Data extract:
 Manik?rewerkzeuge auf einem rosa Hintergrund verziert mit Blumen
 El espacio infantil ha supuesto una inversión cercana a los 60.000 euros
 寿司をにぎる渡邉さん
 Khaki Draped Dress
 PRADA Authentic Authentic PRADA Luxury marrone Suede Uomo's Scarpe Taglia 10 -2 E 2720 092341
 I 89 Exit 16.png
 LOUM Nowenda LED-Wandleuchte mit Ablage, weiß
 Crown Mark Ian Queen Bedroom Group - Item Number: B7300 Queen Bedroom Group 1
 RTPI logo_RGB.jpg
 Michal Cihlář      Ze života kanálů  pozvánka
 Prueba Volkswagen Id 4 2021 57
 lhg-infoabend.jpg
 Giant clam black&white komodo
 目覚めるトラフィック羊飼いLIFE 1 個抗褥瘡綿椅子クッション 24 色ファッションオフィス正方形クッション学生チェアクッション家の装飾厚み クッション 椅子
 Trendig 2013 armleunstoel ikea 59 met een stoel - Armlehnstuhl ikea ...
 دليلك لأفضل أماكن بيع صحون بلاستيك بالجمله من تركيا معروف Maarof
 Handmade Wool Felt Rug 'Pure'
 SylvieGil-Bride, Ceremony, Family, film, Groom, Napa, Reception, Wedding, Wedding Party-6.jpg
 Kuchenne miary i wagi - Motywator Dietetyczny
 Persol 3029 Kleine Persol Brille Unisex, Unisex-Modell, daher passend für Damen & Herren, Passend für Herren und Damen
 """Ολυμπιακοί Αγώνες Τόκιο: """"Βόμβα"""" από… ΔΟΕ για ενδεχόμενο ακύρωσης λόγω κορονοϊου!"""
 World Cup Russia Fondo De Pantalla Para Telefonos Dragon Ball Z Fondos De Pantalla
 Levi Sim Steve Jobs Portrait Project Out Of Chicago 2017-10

Aim of the exercise: The required output is an exact retyping of the lines from the one that contains "lhg-infoabend.jpg" through the last line of the material above.

Response to the exercise:
 lhg-infoabend.jpg
 Giant clam black&white komodo
 目覚めるトラフィック羊飼いLIFE 1 個抗褥瘡綿椅子クッション 24 色ファッションオフィス正方形クッション学生チェアクッション家の装飾厚み クッション 椅子
 Trendig 2013 armleunstoel ikea 59 met een stoel - Armlehnstuhl ikea ...
 دليلك لأفضل أماكن بيع صحون بلاستيك بالجمله من تركيا معروف Maarof
 Handmade Wool Felt Rug 'Pure'
 SylvieGil-Bride, Ceremony, Family, film, Groom, Napa, Reception, Wedding, Wedding Party-6.jpg
 Kuchenne miary i wagi - Motywator Dietetyczny
 Persol 3029 Kleine Persol Brille Unisex, Unisex-Modell, daher passend für Damen & Herren, Passend für Herren und Damen
 """Ολυμπιακοί Αγώνες Τόκιο: """"Βόμβα"""" από… ΔΟΕ για ενδεχόμενο ακύρωσης λόγω κορονοϊου!"""
 World Cup Russia Fondo De Pantalla Para Telefonos Dragon Ball Z Fondos De Pantalla
 Levi Sim Steve Jobs Portrait Project Out Of Chicago 2017-10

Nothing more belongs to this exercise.